Благодаря этому я получил возможность около семи с половиной месяцев пробыть в 1919 году в кругу своей семьи и наблюдать в Петрограде строительство коммунизма за это время.
В ночь на 5 ноября 1918 года я был арестован. Утром 6 января 1919 года нового стиля вернулся домой. 6 января нового стиля — 24 декабря по старому, т. е. Сочельник. Я вернулся в свою семью в Сочельник и вечером, придя из церкви, мы вчетвером сидели за кутьей и вразбивку радостно делились впечатлениями о пережитом. Невольно вся история моего первого ареста и первой ссылки окрасилась в цвета рождественского рассказа...
Впереди меня ждали новые испытания. Они закончились уже не рождественским рассказом в духе Диккенса, а подлинной трагедией, разрушившей семью и совершенно обесценившей для меня остатки моих дней.
Подготовка публикации и комментарии О. Репиной
***
[1] «Извещение о переезде в Москву» было подписано В. Д. Бонч-Бруевичем 12 марта 1918 г. и подтверждено 30 декабря 1922 г. 1-м Всесоюзным съездом Советов.
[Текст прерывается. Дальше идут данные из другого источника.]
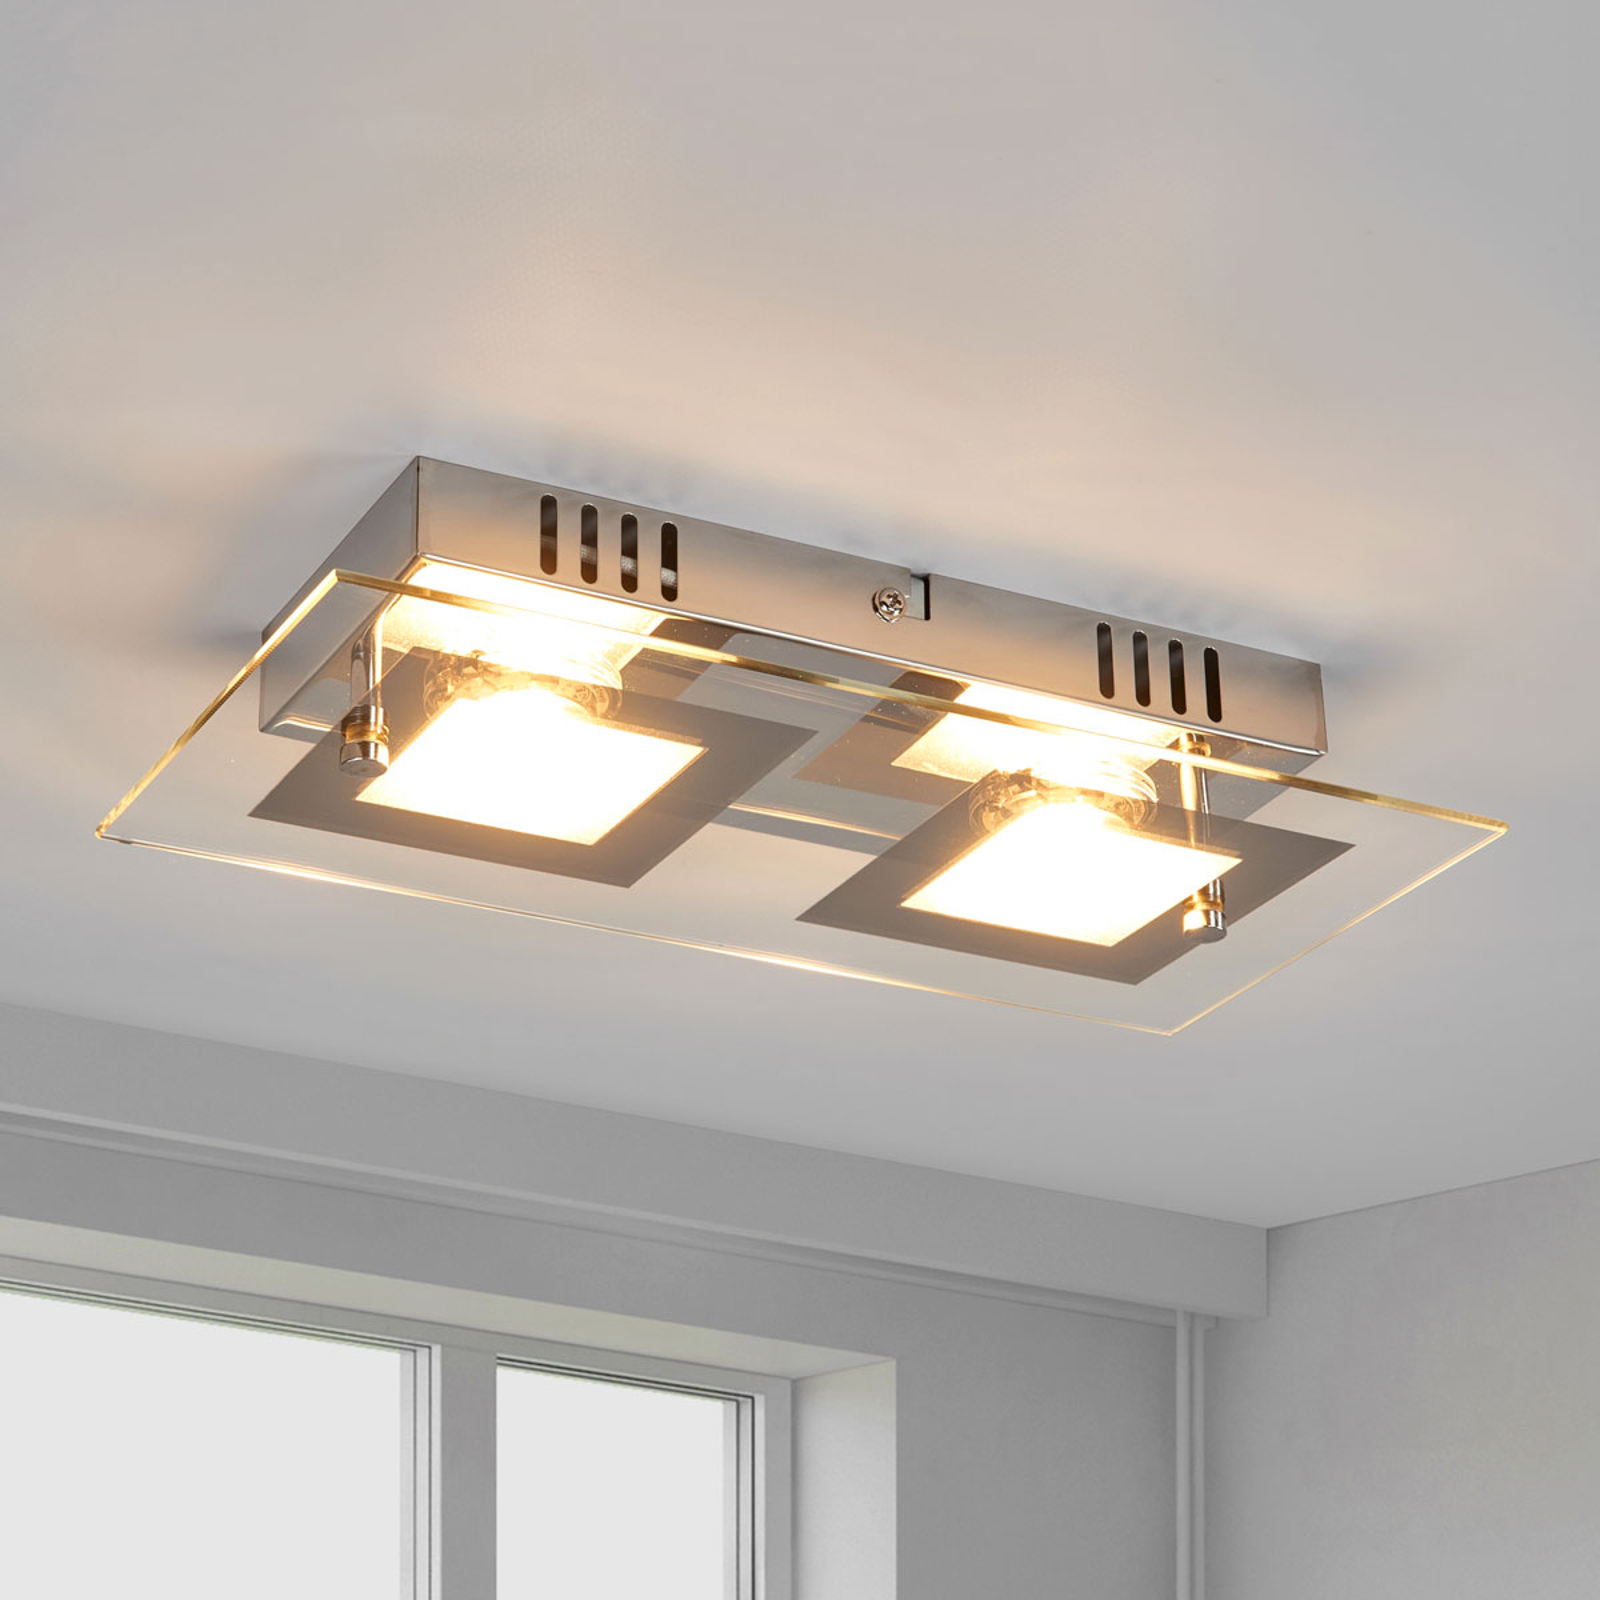 Manja - zweiflammige LED-Deckenlampe in Chrom

Москва стала столицей новообразованного советского государства.
[2] Иосиф Соломонович Блейхман (псевдоним Н. Солнцев, 1868―1921) ― лидер Петроградской федерации анархистов-коммунистов (с 1917 г.). С марта 1918 г. доброволец Красной Армии. Арестован в ноябре 1918 г. и сослан на принудительные работы в Вологодскую губернию. В октябре 1920 г. арестован вторично вместе с группой анархистов по подозрению в связях с Н. И. Махно.
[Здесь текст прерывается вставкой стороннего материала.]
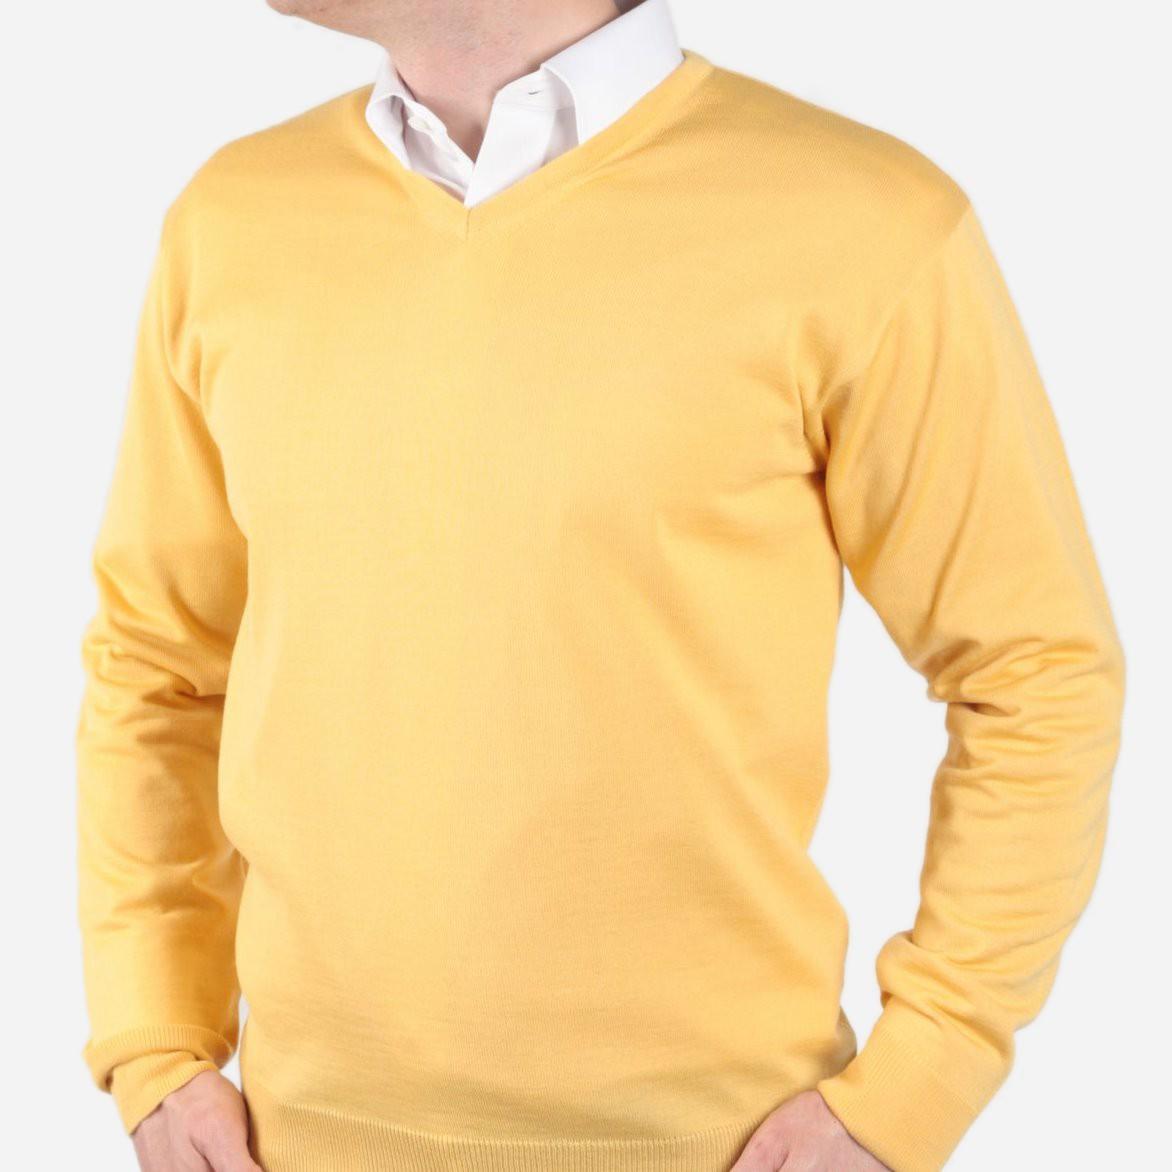 Pulower cienki Willsoor - żółty

[3] Околодок (околоток) ― устаревшее обозначение для врачебного пункта при воинской части.
[4] Алексей Павлович Чапыгин (1870—1937) — писатель, драматург и сценарист, автор исторических романов «Разин Степан» (1927), «Гулящие люди» (1937). Повесть «Белый скит» о таежной природе написана в 1912 г.
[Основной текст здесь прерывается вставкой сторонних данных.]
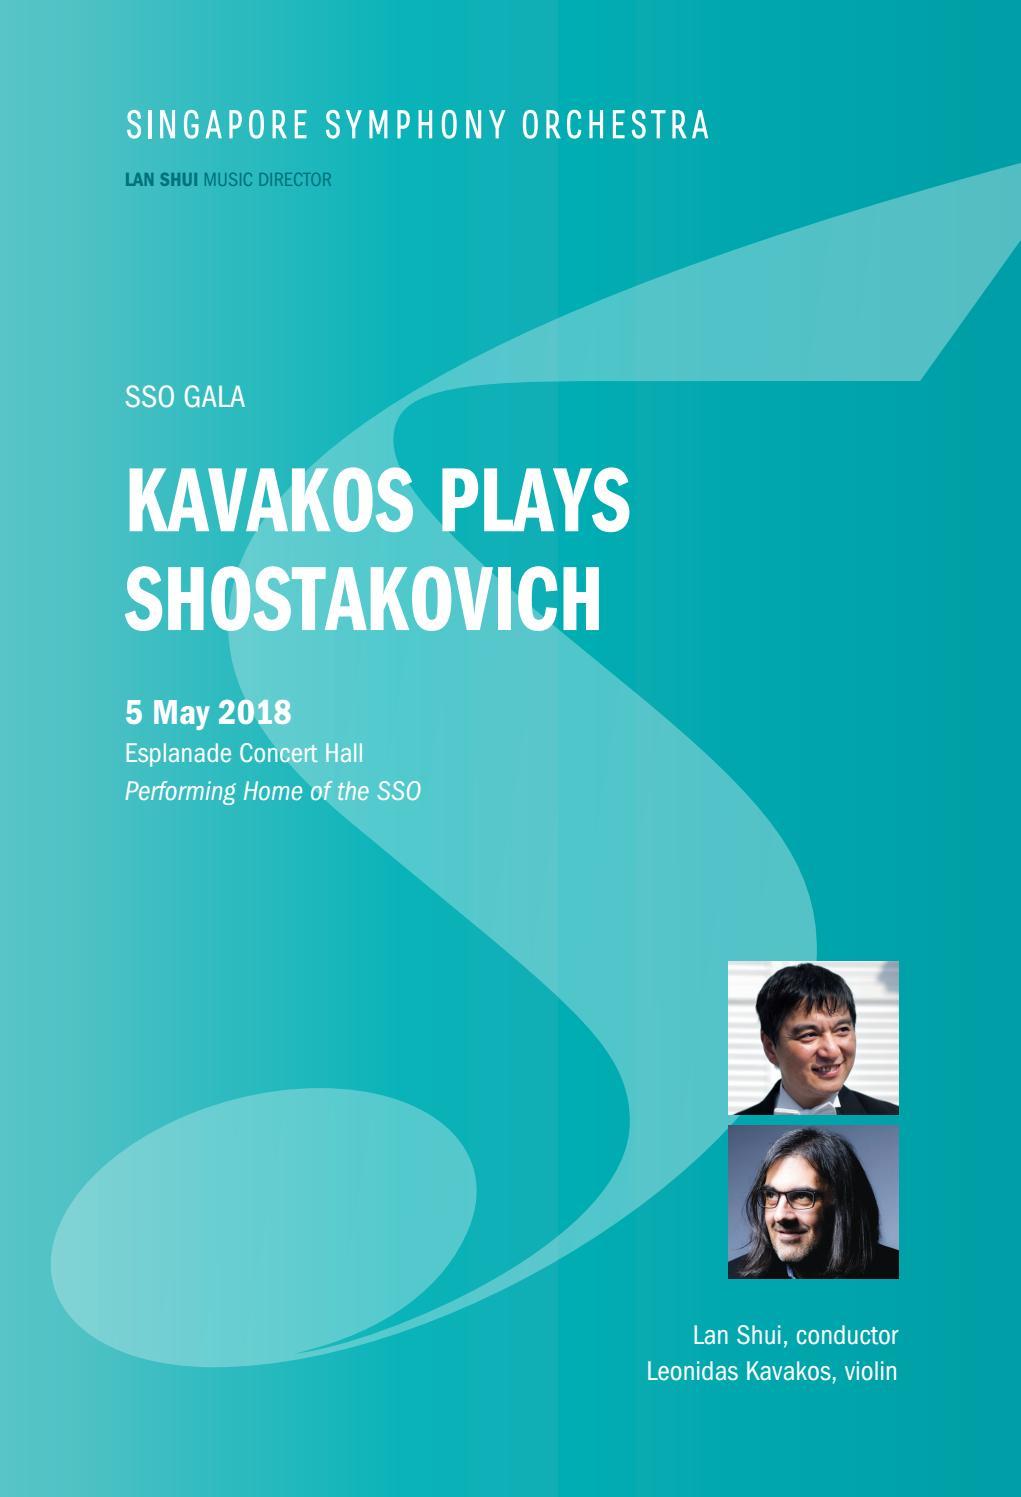 SSO Gala • Kavakos Plays Shostakovich by Singapore Symphony - issuu

[5] Станция Плесецкая была сооружена в 1897 г. в Наволоцкой волости Онежского уезда Архангельской губернии на узкоколейной железной дороге Вологда — Архангельск.
[6] В 1918―1919 гг. М. Горький особенно много хлопотал об арестованных. Об этом написал в «Некрополе» В. Ходасевич: «У него просили заступничества за арестованных, через него добывали пайки, квартиры, одежду, лекарства, жиры, железнодорожные билеты, командировки, табак, писчую бумагу, чернила, вставные зубы для стариков и молоко для новорожденных, ― словом, все, чего нельзя было достать без протекции. Горький выслушивал всех и писал бесчисленные рекомендательные письма».
[7] Елена Дмитриевна Стасова (1873—1966) — революционерка, партийный деятель. В 1917―1920 гг. секретарь ЦК РСДРП. В 1918 г. член Президиума Петроградской ЧК.
[8] Варвара Николаевна Яковлева (1884 или 1885—1941) — революционерка, председатель Петроградской ЧК (10 ноября 1918 г. — 2 января 1919 г.), нарком финансов РСФСР в 1929—1937 гг. Отличалась необычайной жестокостью. В дневниках у З. Гиппиус читаем: «14 октября 1918 года, воскресенье. В Гороховой (ВЧК) „чрезвычайке“ орудуют женщины (Стасова, Яковлева), а потому царствует особенная, ― упрямая и тупая, ― жестокость». В 1937 г. арестована по обвинению в организации подпольного троцкистского центра. В 1938 г. приговорена к 20 годам тюремного заключения. В 1941-м расстреляна.